PROBLEM REQUIREMENTS: Output word for word the lines from the one with "casino royale poker scenes" to the final line of the data, both ends included, but skip the pictures.

DATA EXTRACT:

__________

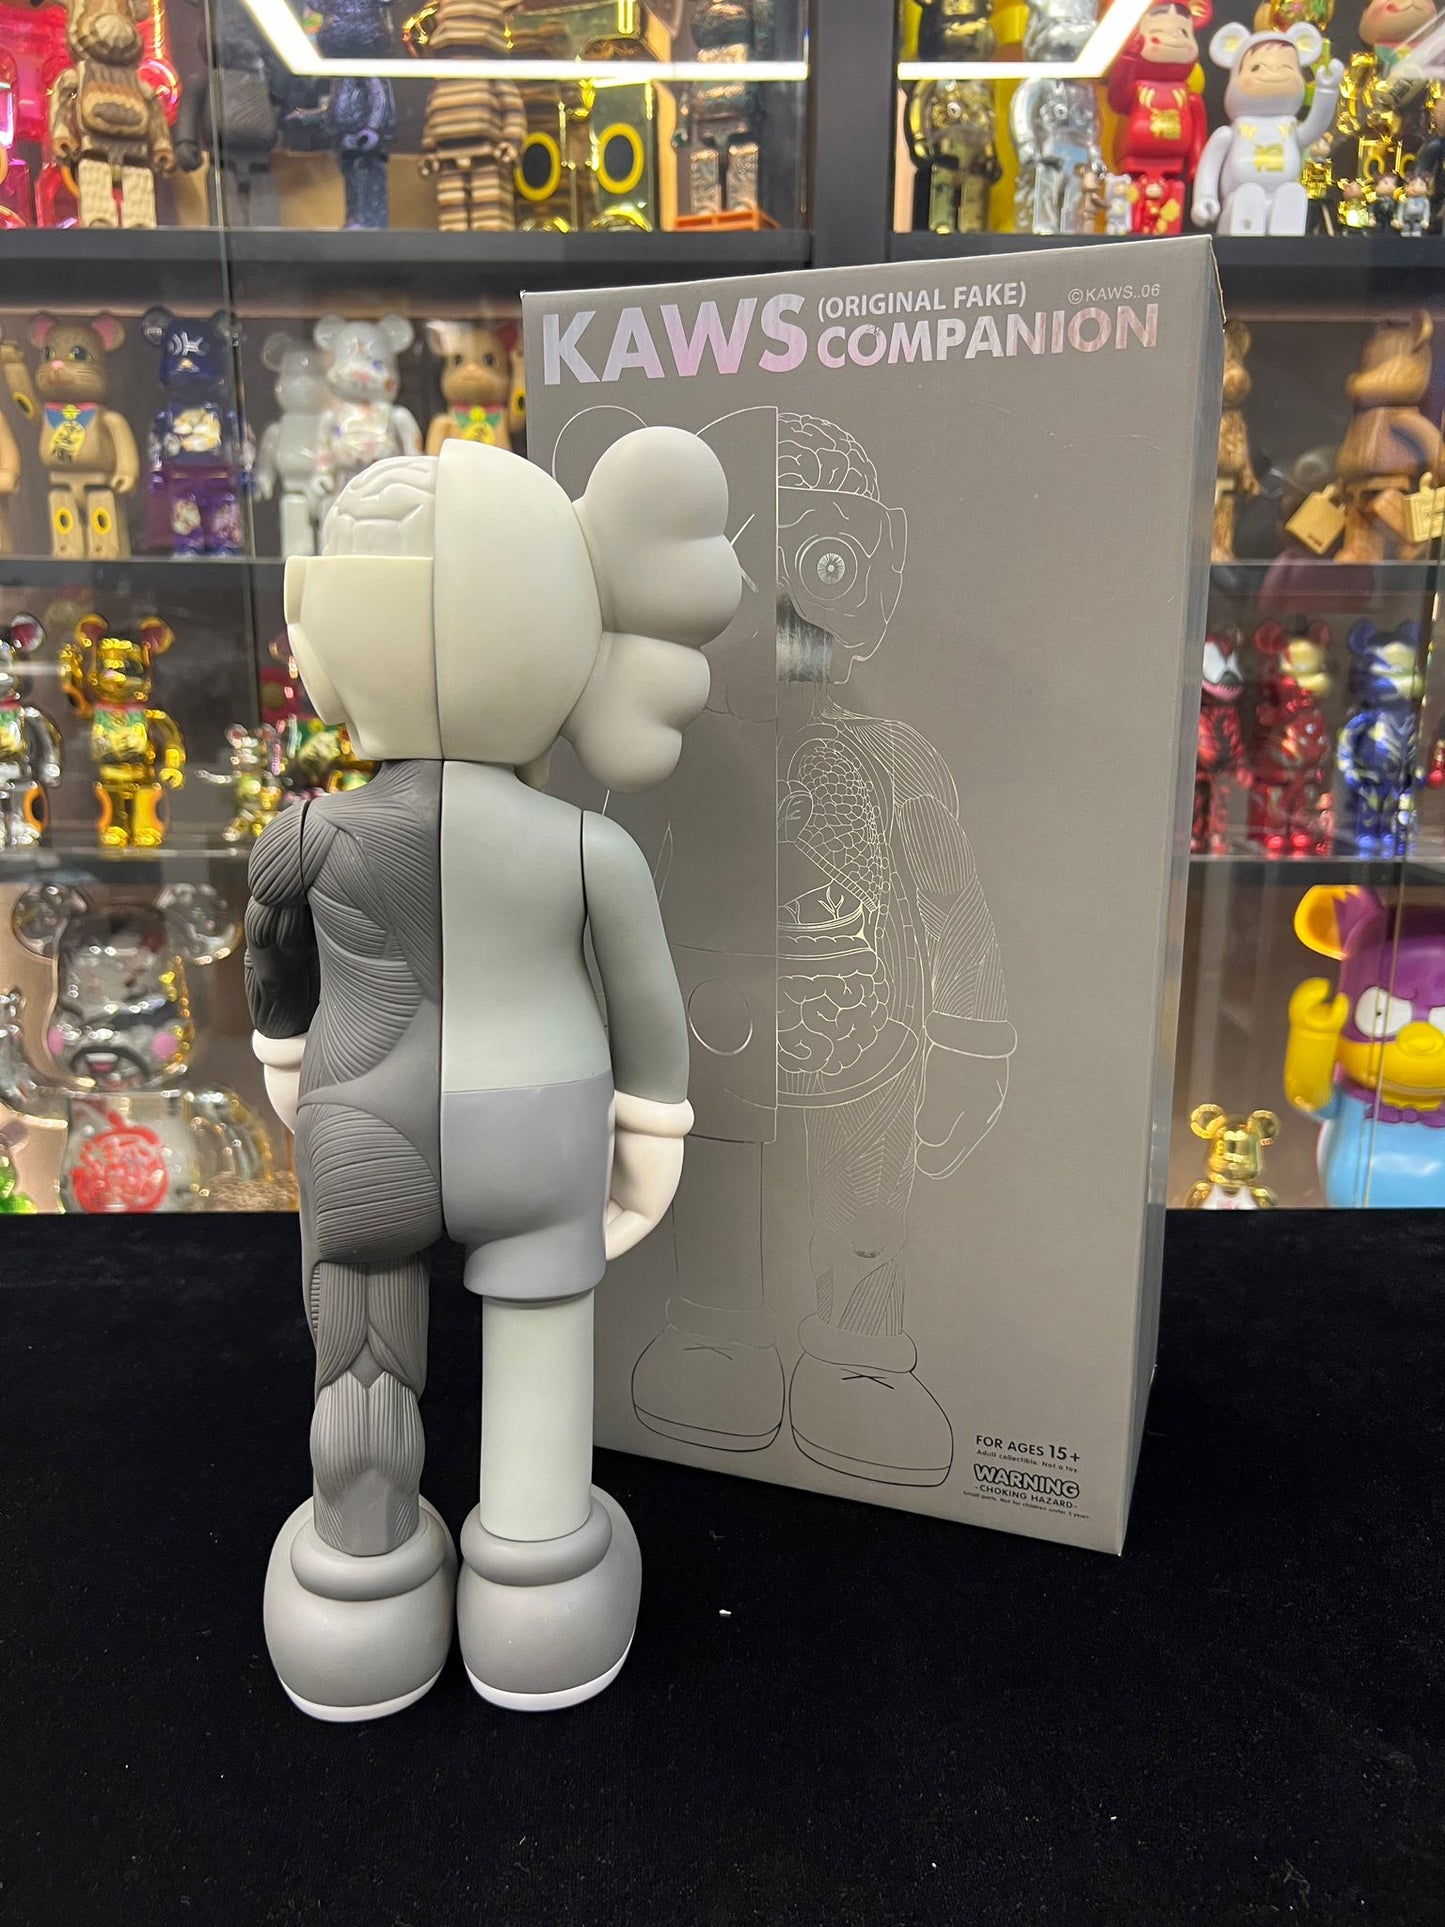 Kaws Companion (Original Fake) 2006 灰半解
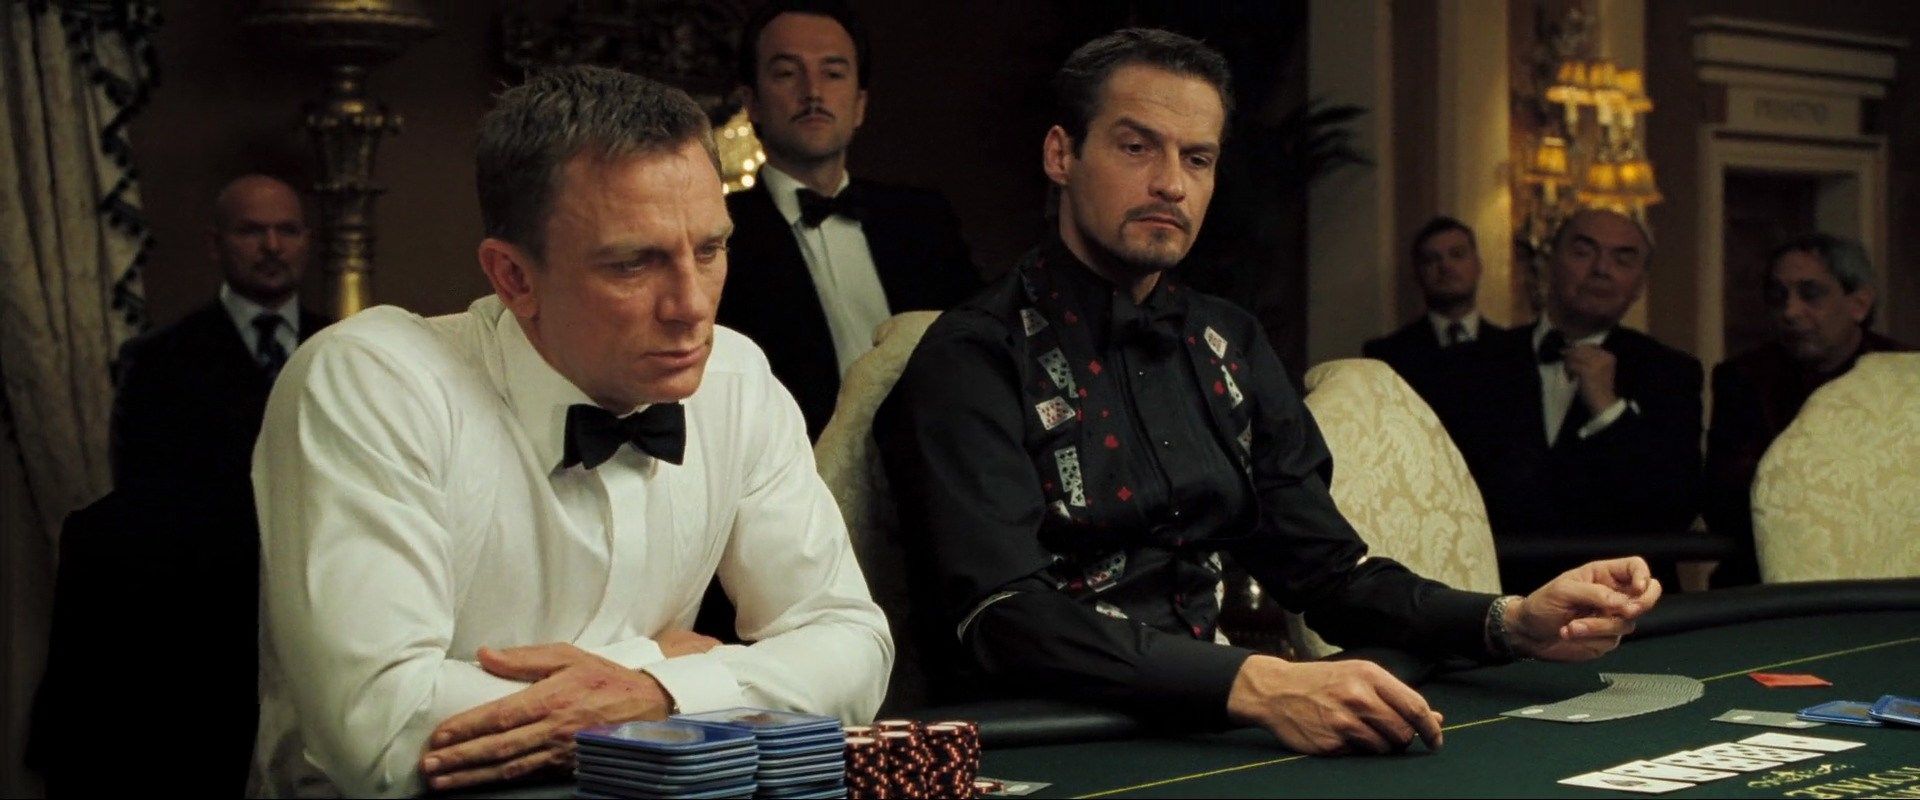 casino royale poker scenes
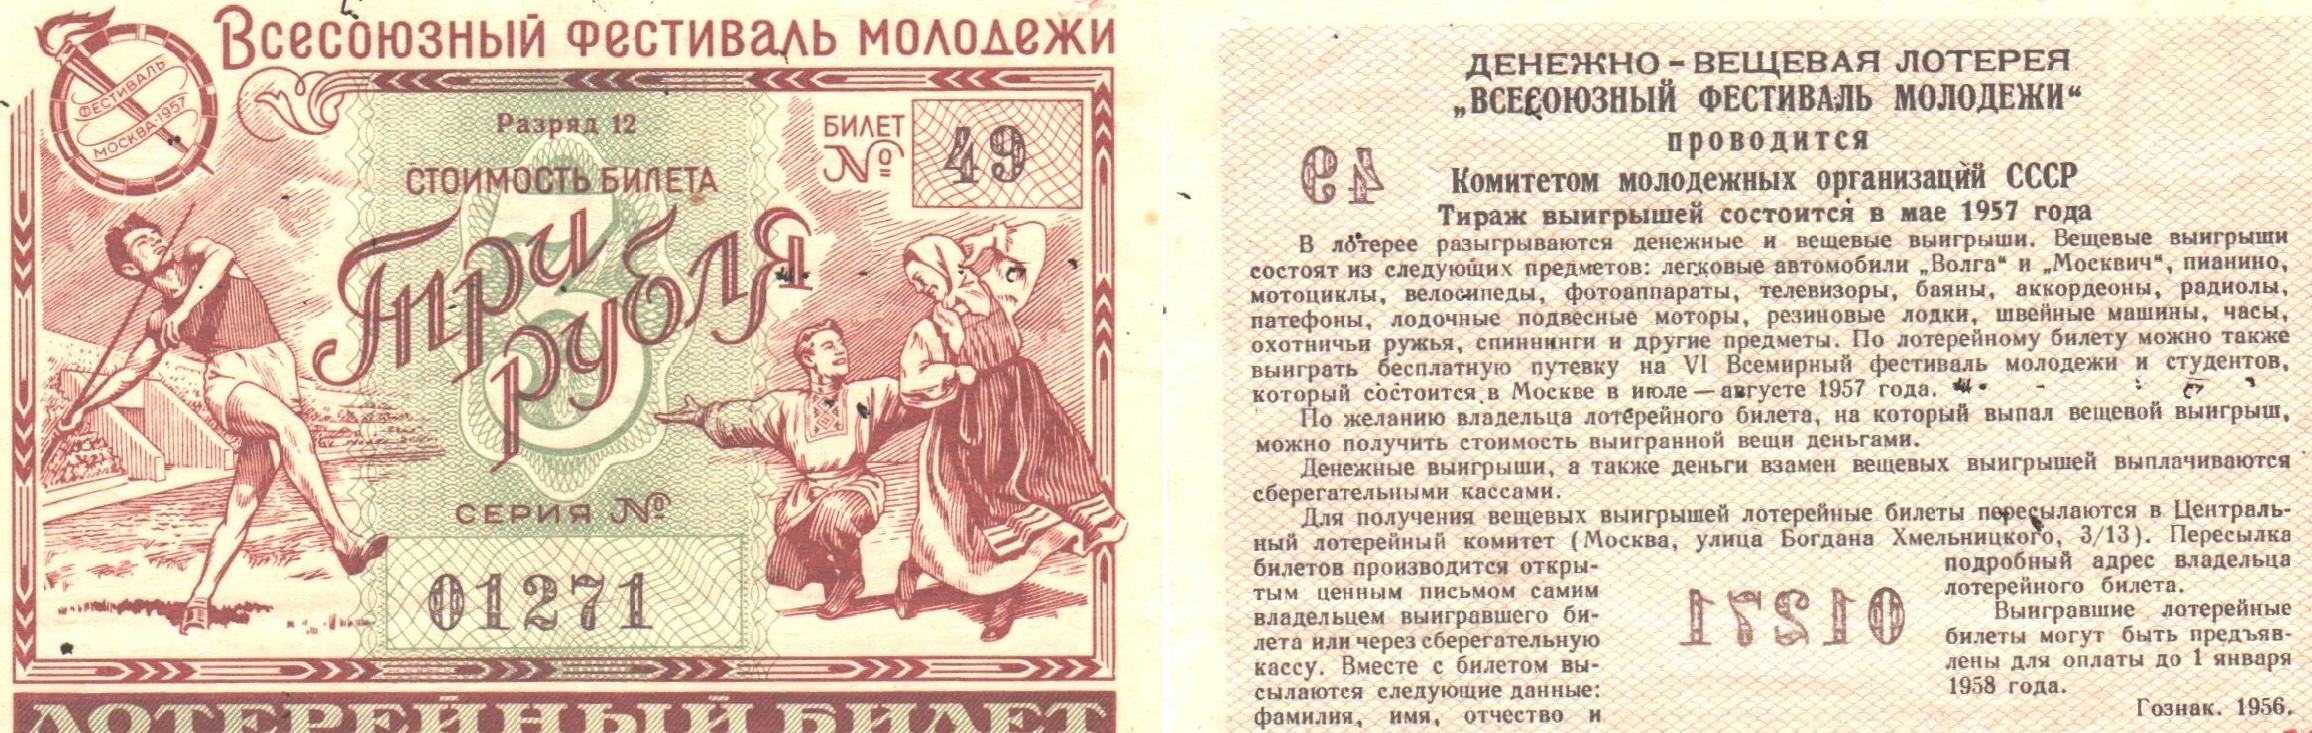 Лотерейный билет. Денежно-вещевая лотерея. Лотерейный билет 1956 года. Денежно-вещевая лотерея СССР. Лотерейные билеты закон

__________

WRITTEN SOLUTION:
 casino royale poker scenes
 Лотерейный билет. Денежно-вещевая лотерея. Лотерейный билет 1956 года. Денежно-вещевая лотерея СССР. Лотерейные билеты закон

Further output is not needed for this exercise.